I know I know, Matt Patt. Cringe aside, I was very surprised he would make a video on this subject, so I gave it a watch and thought his take was interesting.
tl,dw: movie critics like movies that take risks and attempt to push the boundaries, while audiences like movies that are fun and nostalgic. The movie industry profits from this dynamic because it creates an us-versus-them dichotomy between audiences and critics, making audiences easier to market to.
"Push boundaries", "subvert," and "take risks" are just code-words for woke bullshit
Case in point: TLJ
Or “THE MESSAGE”.
I'm going to file this one under "posts I can hear"
It won't be the last time you hear it, BUHLIEVE THAT!
doont knoo...
Go away now!
it's just Jewish subversion. Tale as old as time.
woke shit is certainly one way to push boundaries, but I would argue it's not the only way to do so.
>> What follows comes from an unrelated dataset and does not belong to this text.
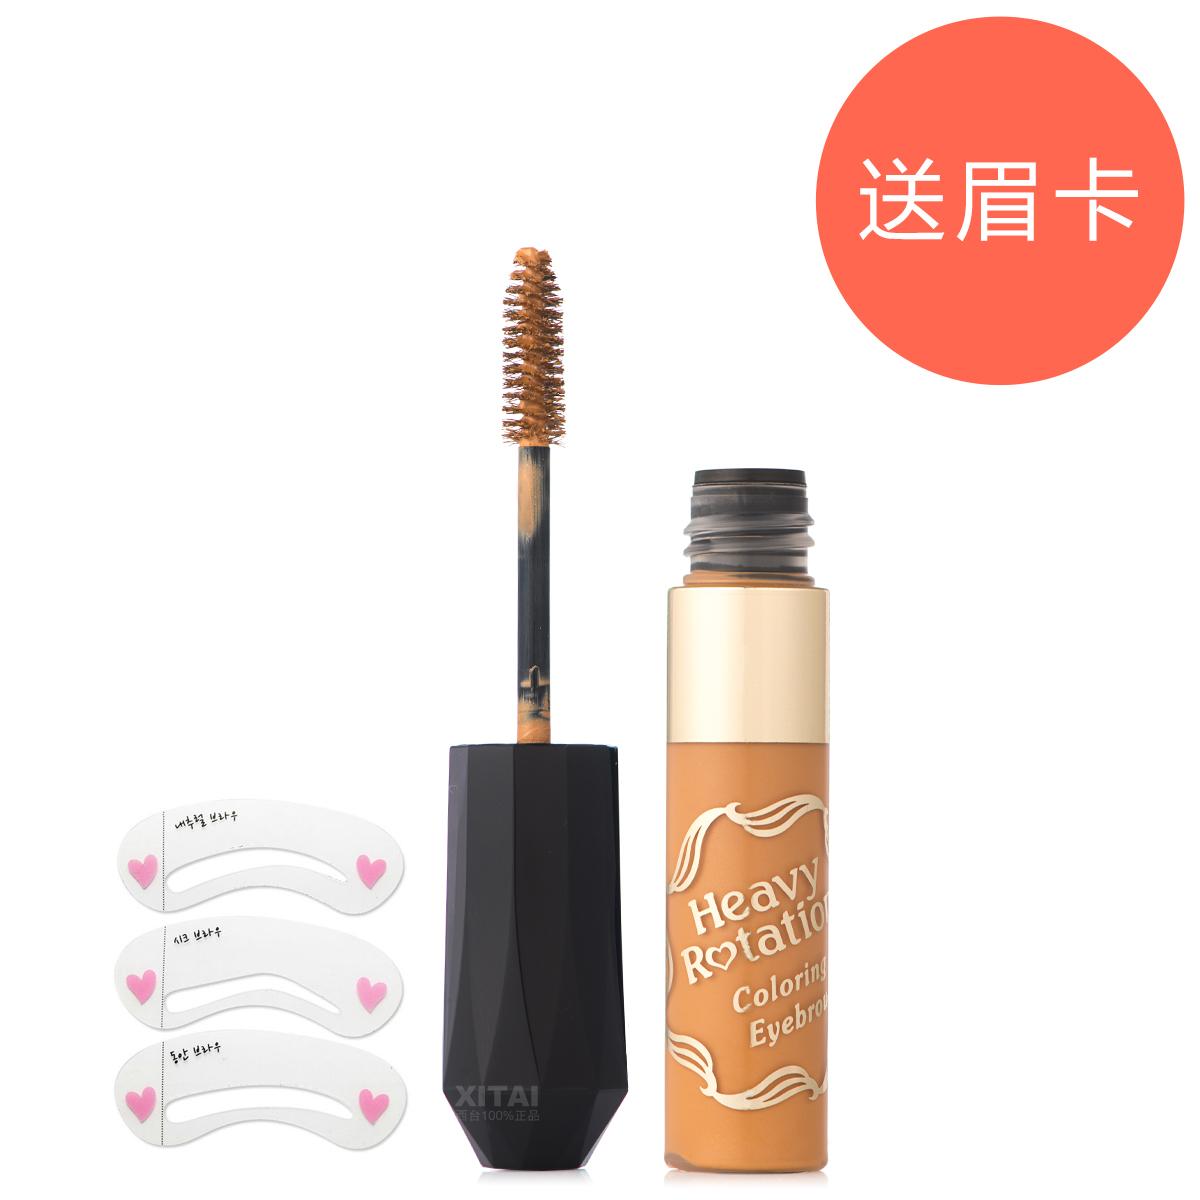 日本KISSME裸妝自然染眉膏 kiss me防水防汗耐摩擦不暈染溫水可卸

One can also push boundaries by going against narrative conventions, utilizing newer technologies, using unorthodox camera angles, etc.
hell, simply having a movie where the main character is a white male who carries the day would be pushing the batteries by Hollywood standards.
I'm not talking about generalities, but rather the meaning of critics' words and phrases.
in their minds they're always pushing the boundaries because they're always the weaker side despite the fact 95% of the media and pop culture already agreed with their narratives
If it's indie films, it's long takes, and slow dialog.
Motte and bailey. Classic postmodernism, classic Critical Theory. They pull the same bullshit with “muh adaptation”. These are just plausibility exercises. It all cuts exactly one way. Everything is merely an excuse to inject leftist politics and culture into entertainment.
Postmodernism/Critical Theory should challenge every grand narrative and question every idea. In reality, these are just Marxist weapons targeting western civilization. No Critical Theorist or postmodernist is challenging leftist political dogma. No, those challenges are reserved exclusively for any institution or idea that stands in the way of Marxism.
Adaptation and translation are two more examples. These people claim that they must make changes to media in order to adapt it to a different medium or translate it to a new language. On paper, these assertions make sense. In reality, they are just thinly veiled pretext for leftists to seize control of popular media so that it can be retrofitted to promote leftism.
If critics legitimately wanted to be challenged, they would venture outside of their political and cultural bubbles to experience media that disagrees with their worldview. Instead, they reliably fawn over any product that ticks their ideological boxes while trashing every “problematic” property regardless of how creative it may or may not be.
A movie is not good because it takes risks, if it did then it wouldn't be a risk. As a critique you need to give an appropriate mark of level of quality of the product regardless of anything else.
indeed that's what critics should do. but by the numbers it's not what they actually do
This isn't exactly new news. The old Simpsons episode where Homer got hired on as a food critic is a loosely decent example of this. Critics care little of substance and quality in the work so much as they want to see "newness" that goes outside the box.
This used to at least hold some meaning in the past, but it's been quickly displaced by political pushing intrigue. And anything that's fun and not pushing the woke agenda is immediately shot down as "Fascist, racist propaganda".
The part about critics liking newness is pretty obvious, but it's the rest that intrigued me. specifically how the reviewers actually want critics in audiences to not get along, so as to create a tribalist rivalry and thus make marketing easier, because all you need to do to appeal to the audience is appeal to their opposition to the critics.
That's part of my list post, and I have a few articles on the subject with it. I like how he pointed out the owners of Rotten Tomatoes are partially universal, who made the film. Even Miyamoto has said the negative reviews promoted the film.
It creates a situation where the bad reviews are paid for to create publicity.
This is in comparison to the Sony film about Gran Turismo, where it's a lackluster plot and that's it. The game is about a love of cars and driving, and none of that shows in the film.